St. Drostan — Spiritual Fatherhood

Bishops, priests and monastics – male and female – can suffer (God willing, maybe not all of us do) from a type of loneliness that comes from the responsibility of always comforting (without being comforted), always forgiving (without ever being forgiven), always getting everyone back on their feet and spiritually renewed (while hardly ever receiving any spiritual support themselves). Yes, this is the cross we were given; and yes, this is the path we have taken. And yet, we are all human – clergy and monastics included – and like all humans, we need forgiveness, we need light, we need support, we need to be allowed to get up and start again. We need what all humans need – to feel loved.
There is so much I love about St Drostan, yet I suppose it is this particular miracle – the healing of a priest called Symon – that brings him instantly close to my heart. There is something special to me, a priest, about this story. St Drostan’s miracle speaks loudly about a suffering which is rarely talked about in the Church, a kind of suffering that goes mostly unnoticed by all except those who are affected by it – the clergy of the Church.

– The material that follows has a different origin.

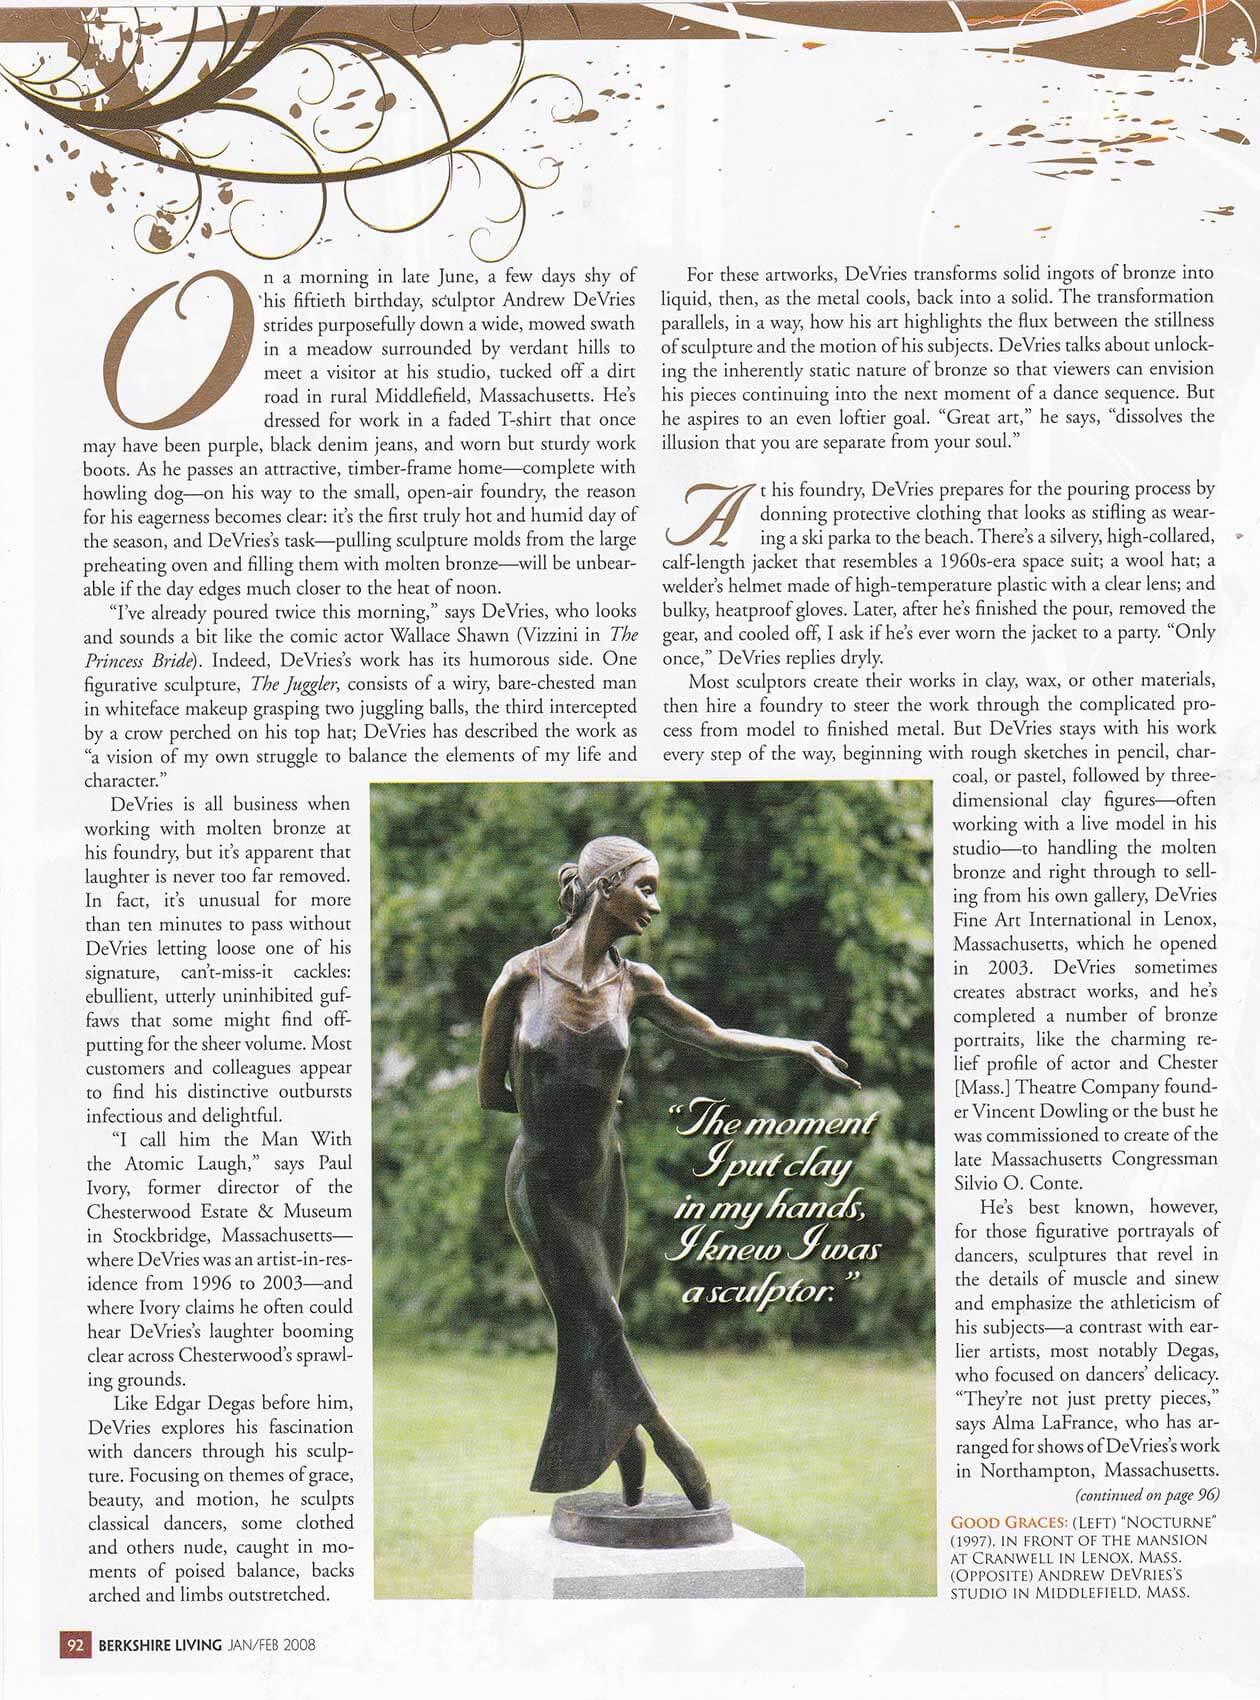 Berkshire Living Magazine January/February 2008 page 92

Because of this perception – that clergy should never need any help – priests and monastics tend not to ask for help when they suffer. And they do suffer, for it can be very lonely as a priest. It can be depressing. Life can get very dark. People forget that our bishops, priests and monastics are the most exposed among us – spiritually, they are on the front line, they are the ones under the greater attacks, they are the ones both God and the devil test most. God does it out of an excess of love; the devil – out of an excess of hatred.
St Drostan’s miracle spoke to me because it envolved the healing of a priest, but also because of the nature of that healing. Symen, the priest, needed light. The priest had lost his sight, had lost his direction, had lost his hope. When darkness engulfs the heart of a priest, that is no ordinary darkness, but the deepest of the deep. Symeon, the priest, goes to St Drostan to ask for light, and St Drostan opens his spiritual eyes to the Light of Christ.

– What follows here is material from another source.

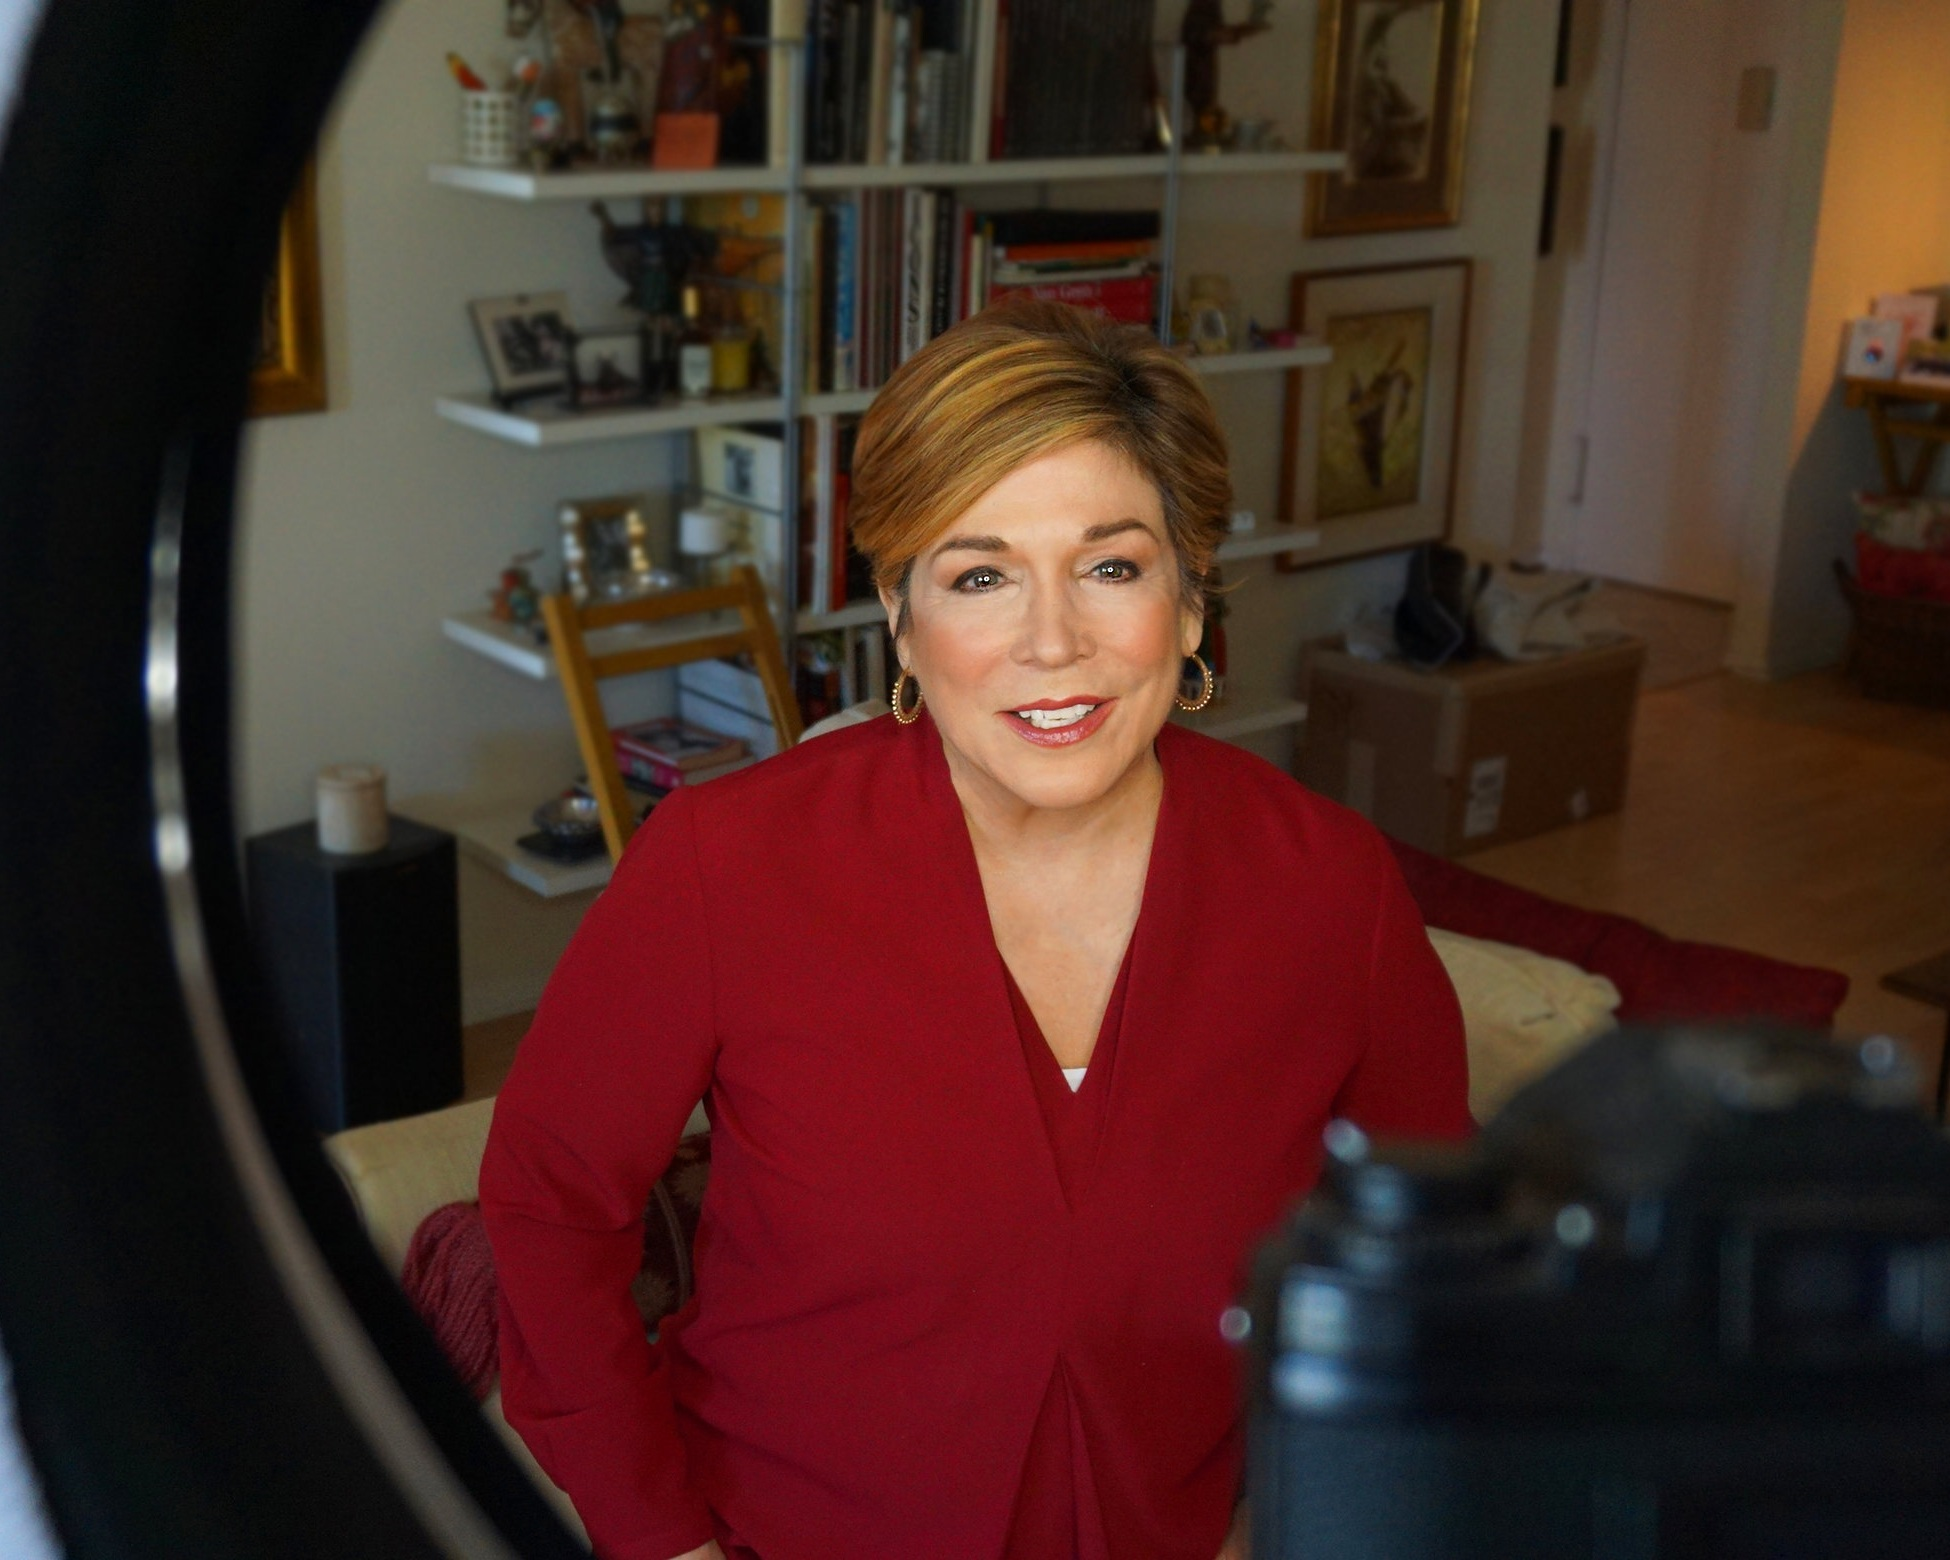 Denisse Oller NYC NJ CT Professional Media Training Award Winning Journalist

When we were working on the compostion of this icon, there were a number of things I wanted it to convey. Priest Symeon (note his epitrachilion, a symbol of his priesthood) has his eyes closed, as a sign of the spiritual darkness which is fighting him. There is complete abandonment on his face. St Drostan is his last hope, and he places his soul in the hands of this holy man. I know from my own experience how much a priest longs to be blessed himself, to feel a hand over his own head taking away his sins, forgiving him, granting him light and the hope of a new beginning. A priest can hold his hands over hundreds of heads in a week, praying for all, absolving all, while his heart longs for a loving hand above his own head.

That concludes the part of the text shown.